Kenya Power sees end to queues as customers shift to mobile payments

What you need to know:

  • The digital revolution has caught up with Kenya Power and it is only a matter of time before the firm’s service delivery changes for the better if its word is to be believed.
  • Kenya Power attributes the shift to mobile money and the implementation of prepaid metering which it also praises for reduced intrusion into the privacy of customers.
  • The analysis ranks supermarket vendors second after they took up 20 per cent of the total transactions from 19.7 per cent last year, while banks accounted for seven per cent.

By 10am Tuesday, Electricity House, Kenya Power’s main commercial hall located on Nairobi’s Aga Khan Walk, was full with customers.

But undeterred, more customers continued to stream in. While dozens of them said they had walked in for general enquiries, majority had come to pay their monthly bills.

Electricity House, just like other Kenya Power commercial halls across the country, is known for long and winding queues of customers trying to pay monthly bills.

In an era where banks have automated their services and the government has Huduma Centres, many Kenyans regard the partly private utility provider as the last bastion of inefficiency.

Well, the digital revolution has caught up with Kenya Power and it is only a matter of time before the firm’s service delivery changes for the better if its word is to be believed.

Kenya Power, citing internal analysis conducted between July 2015 and June 2016, has said visits to its halls have been declining since it began decongest its premises a few years ago.

“In the period under review, transactions carried out at halls accounted for only 13.4 per cent of the total transactions, down from 17.7 per cent and 24.58 per cent in the previous two years respectively,” the report states.

The firm has contracted agents to take payments on its behalf as part of its decongestion effort. It says mobile money platforms now accounts for 59.6 per cent of all transactions involving payment for electricity.

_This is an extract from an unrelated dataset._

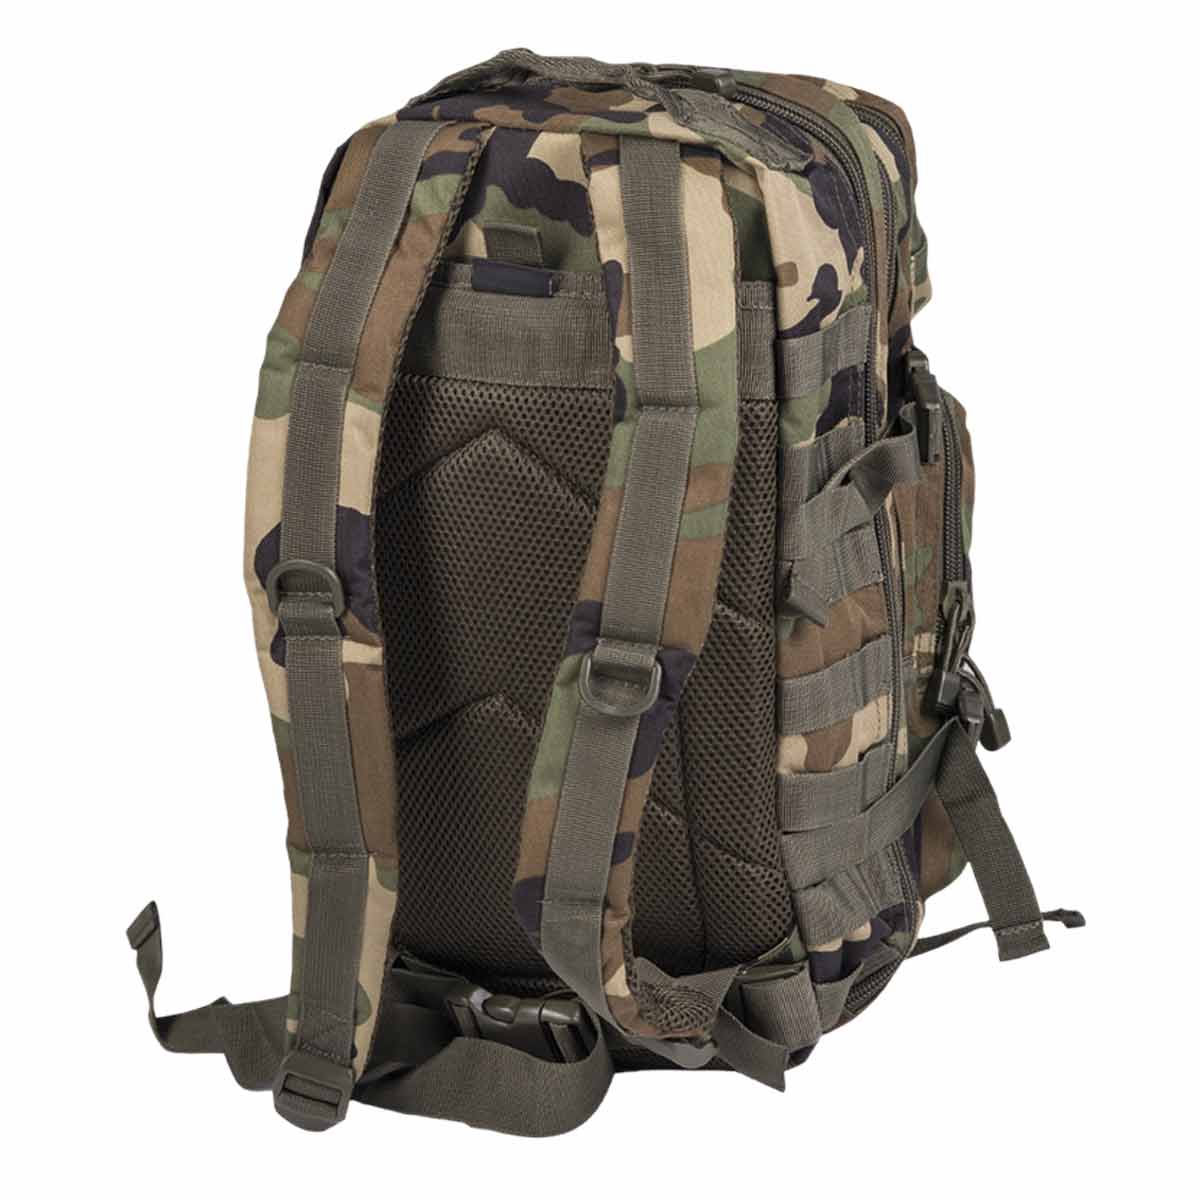 Mil-Tec MOLLE Assault Pack 20L Daysack Tactical Rucksack Military Army ...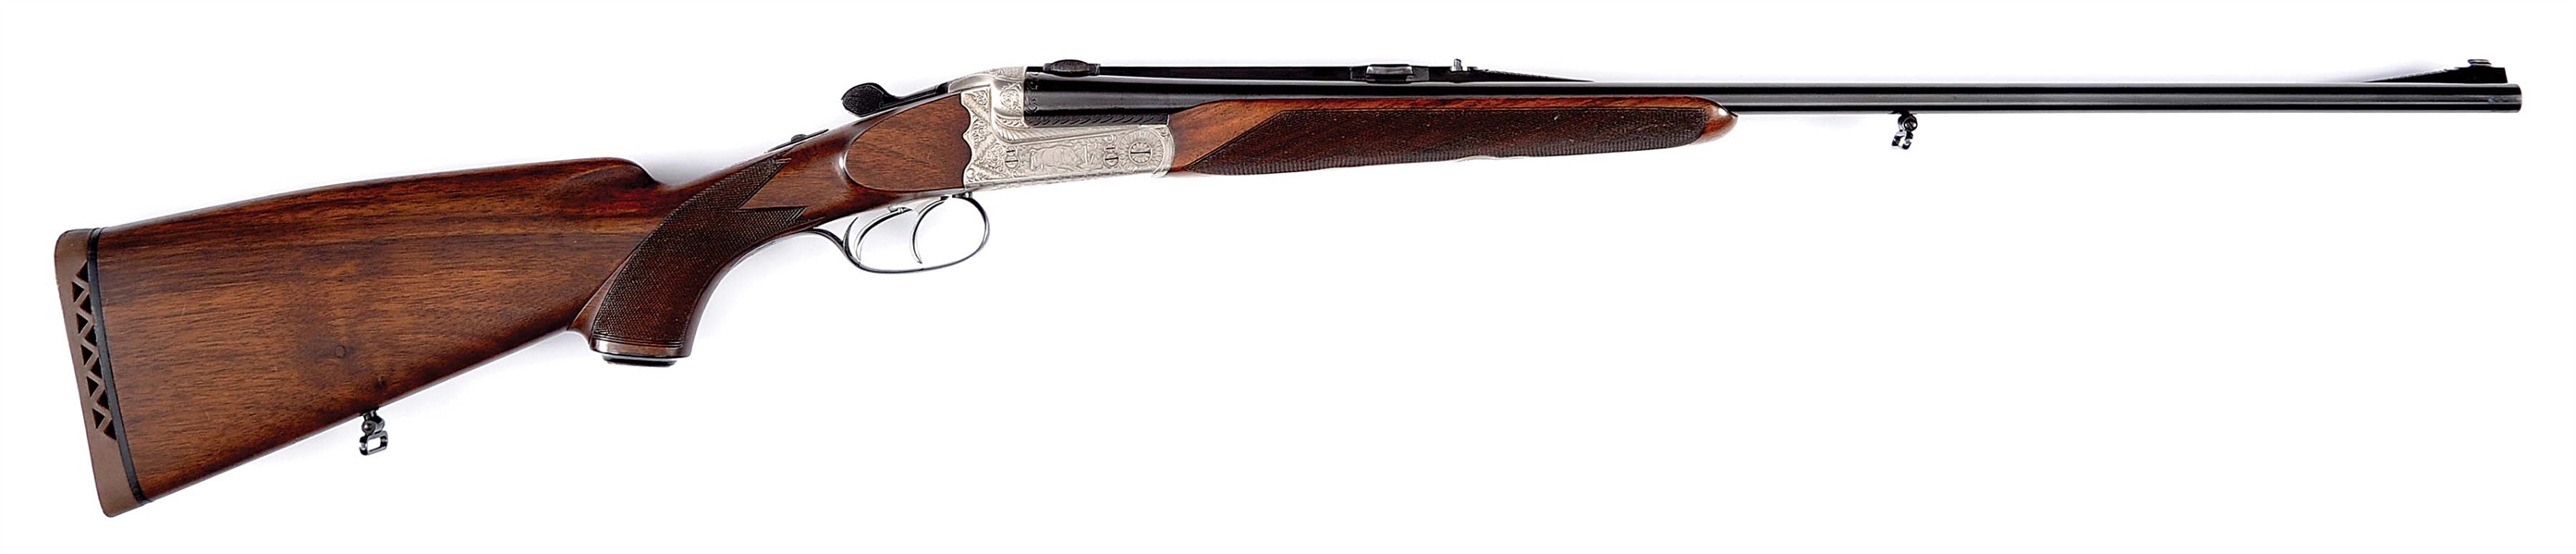 (C) FINE QUALITY NEAR NEW BOXLOCK EJECTOR DOUBLE RIFLE BY JOSEF WINKLER OF FERLACH RETAILED BY GRECO SPORT IN LUGANO.

“In the previous year, payments through the medium took up 54.8 per cent of all transactions, up from 43.46 per cent in the year ending June 30, 2014.”

Kenya Power attributes the shift to mobile money and the implementation of prepaid metering which it also praises for reduced intrusion into the privacy of customers.

The analysis ranks supermarket vendors second after they took up 20 per cent of the total transactions from 19.7 per cent last year, while banks accounted for seven per cent.